» **SOURCE MATERIAL**:
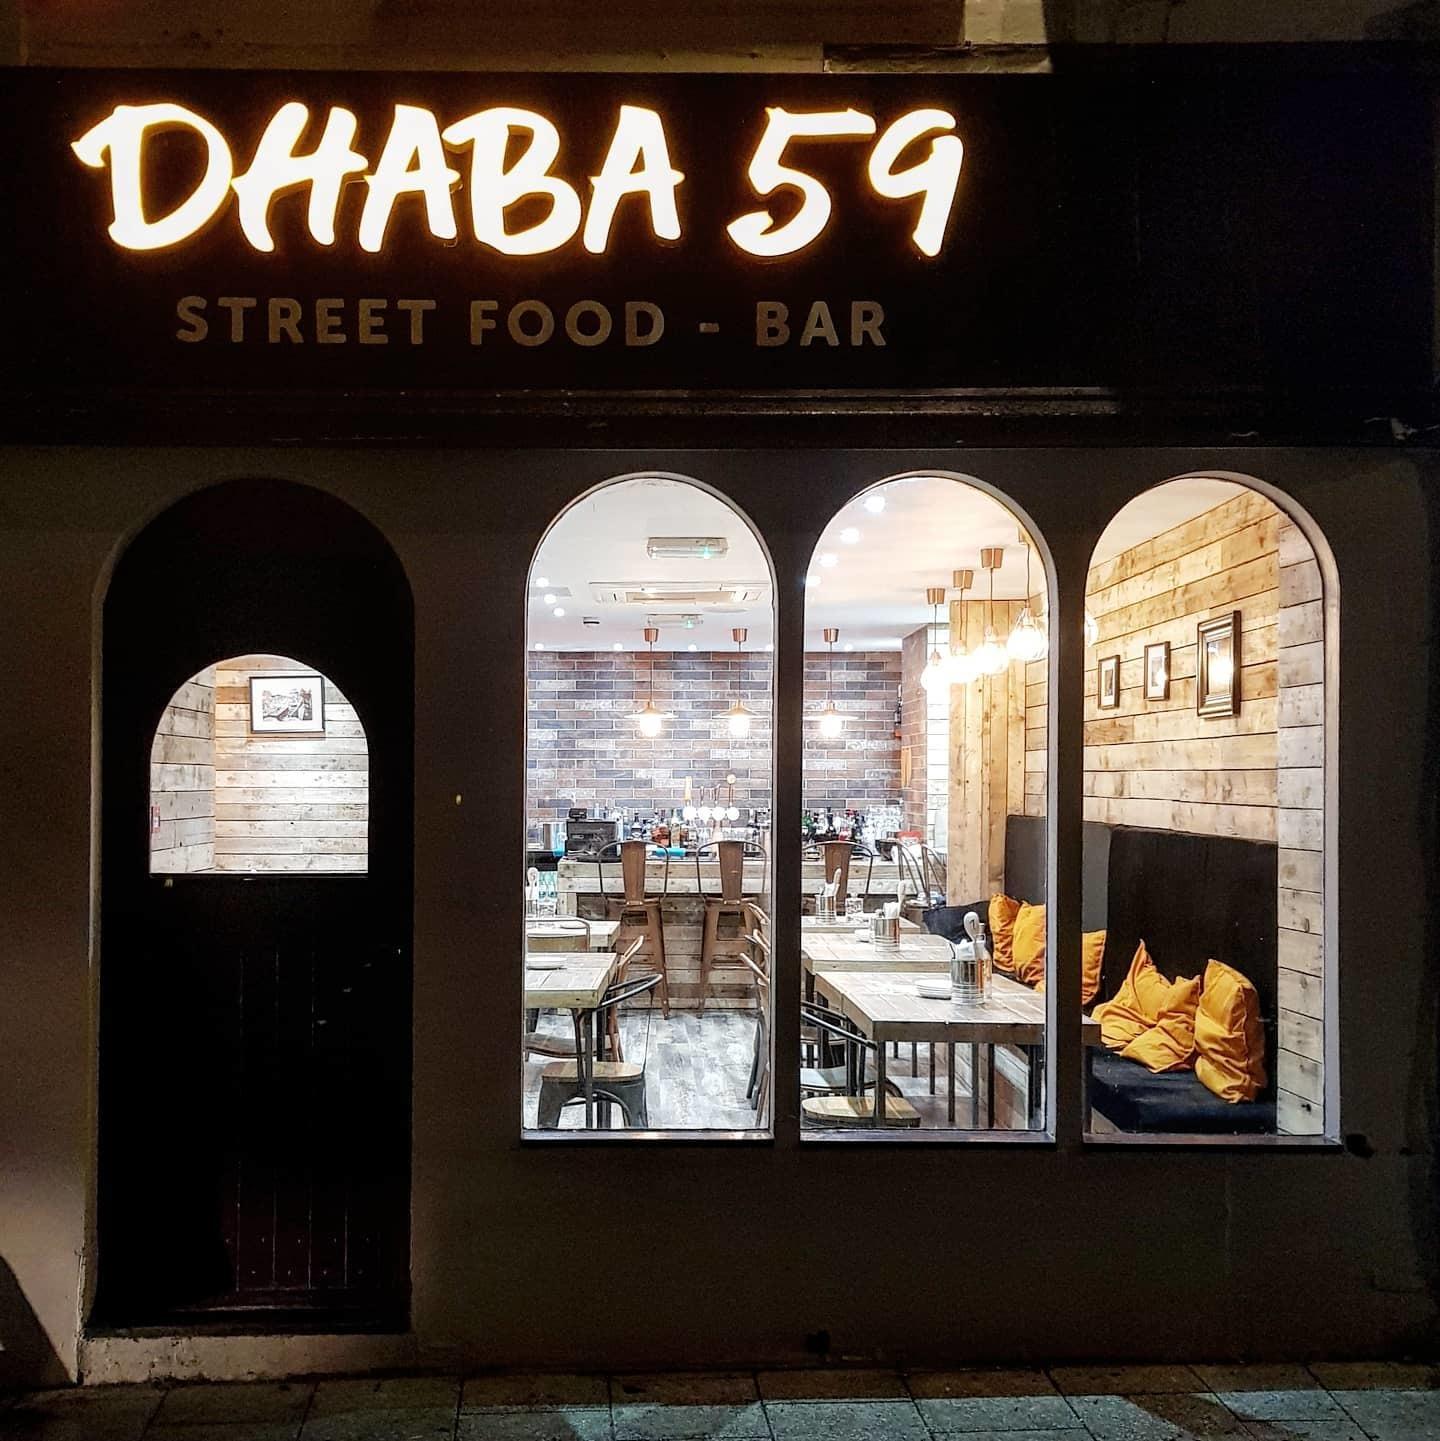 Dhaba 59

* * *

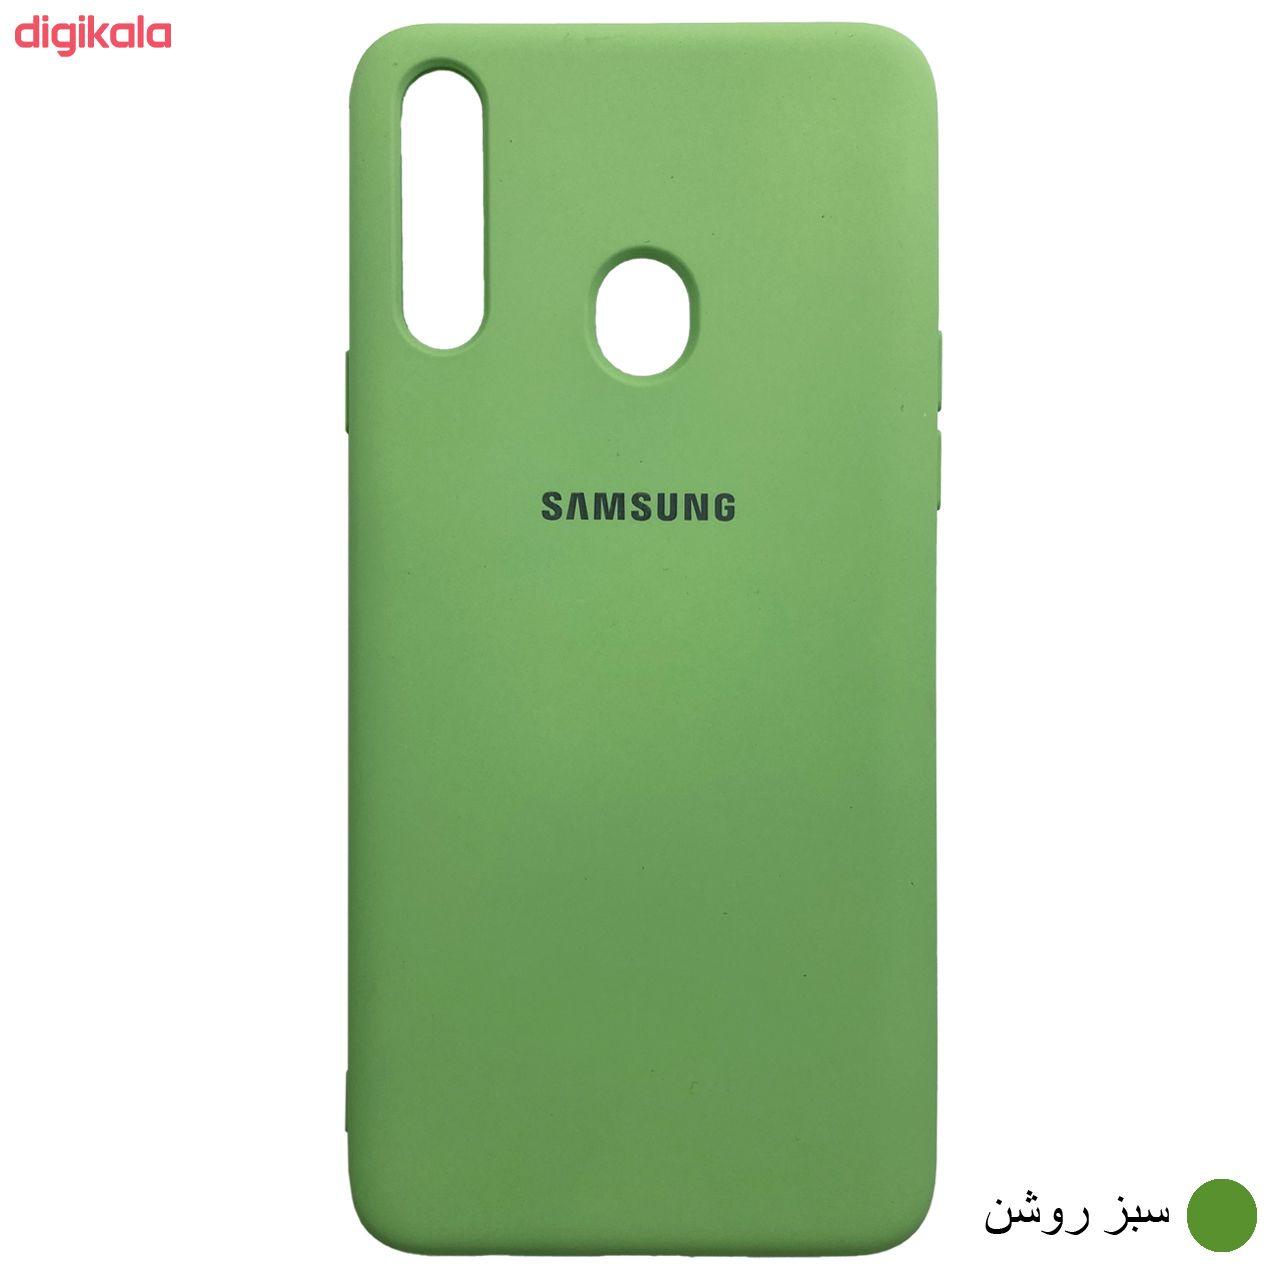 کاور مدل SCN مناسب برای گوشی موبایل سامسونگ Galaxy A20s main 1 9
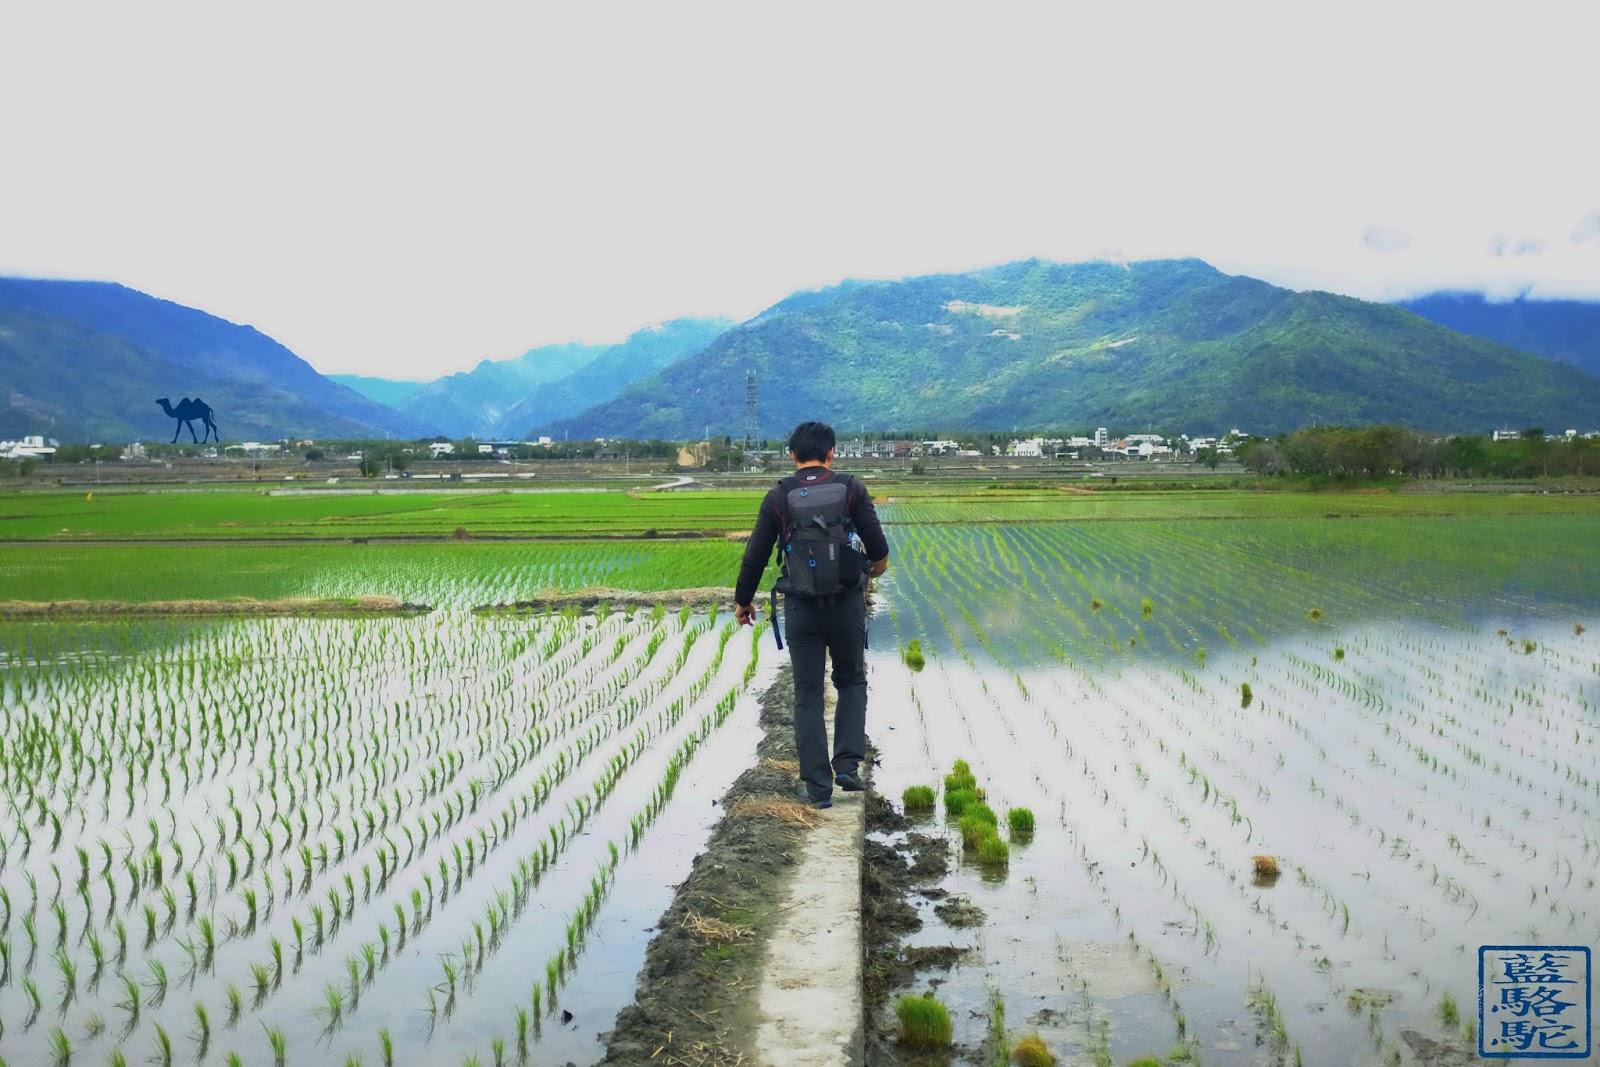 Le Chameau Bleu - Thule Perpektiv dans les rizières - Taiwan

» **WHAT TO PRODUCE**: Work from the entries above. Set down exactly and only the lines from the line with "کاور مدل SCN" to the line with "Le Chameau Bleu", both included, and leave the pictures out.

» **WRITTEN SOLUTION**:
 کاور مدل SCN مناسب برای گوشی موبایل سامسونگ Galaxy A20s main 1 9
 Le Chameau Bleu - Thule Perpektiv dans les rizières - Taiwan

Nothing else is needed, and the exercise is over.